Do you consider yourself to be an expert on any given topic? If you’ve ever spoken with authority about it, you may have assumed one of these flawed postures. (I have, but I’m working on doing better.) In Think Again, organizational psychologist and Wharton professor Adam Grant stresses that thinking flexibly is the only way to grow our knowledge and effectiveness. While preachers often speak from faith alone and politicians and prosecutors attack the opposing side, scientists operate from constant experimentation and the belief that causation is not correlation. They expect to be wrong, not the other way around. (As an aside, their necessary flexibility angers those who search for one definite answer.)

I try to think like a scientist as I help my students and their families (with occasional lapses). Too much changes every year in college admissions for any of us to speak with certainty. I would be ignoring the data if I advised every Cornell-hopeful to be confident of admission when the math proves the opposite. Applying to the “highly-rejective” colleges only makes sense if you, like a scientist, expect denial and rejoice in the unlikely event of admission. But, happily, thinking flexibly is often about all choices, not just limits.

Although I encourage students to be open-minded about majors and careers, many choose large public institutions where they feel compelled to pick a school within a college and/or a major.

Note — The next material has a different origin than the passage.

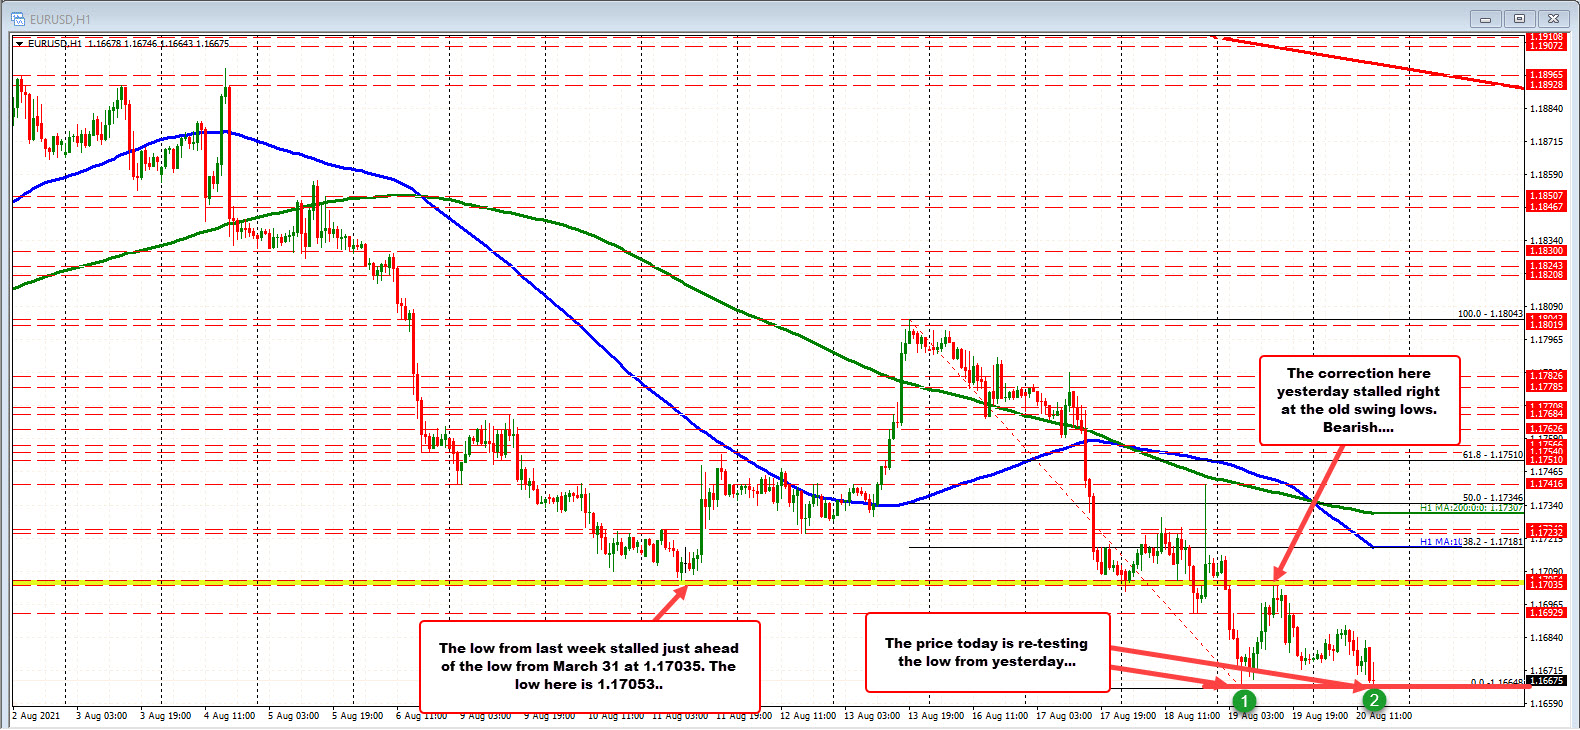 EURUSD test 2021 low (at lowest level since November 2020).

For pre-professionally-minded students, that’s fine. The problem is that others feel pressured to craft a path and career before they are ready to do so.

Liberal arts colleges and even large research institutions like Tulane have long-offered interdisciplinary freshman seminars to small groups of students. These are creatively-blended academic, fun courses that stimulate critical thinking.

This week, a friend told me that the University of Wisconsin Madison offers FIGs (First Year Interest Groups), and that one of my incoming freshmen has chosen this smart way to make a large school smaller and understand the connections between academic fields. For example, the First Year Seminar Rainforests and Coral Reefs requires enrollment in chemistry and Spanish. It’s obvious that this course might stimulate a student’s interest in Environmental Science or Engineering as well.

I just learned about FIGs this week, which proves that there will always be something to discover even if it’s not brand-new. Learn to think flexibly to avoid Armchair Quarterback Syndrome, another one of Grant’s classifications. Particularly prevalent among privileged groups, those who have it confuse confidence with competence. Stay open-minded as you consider college options!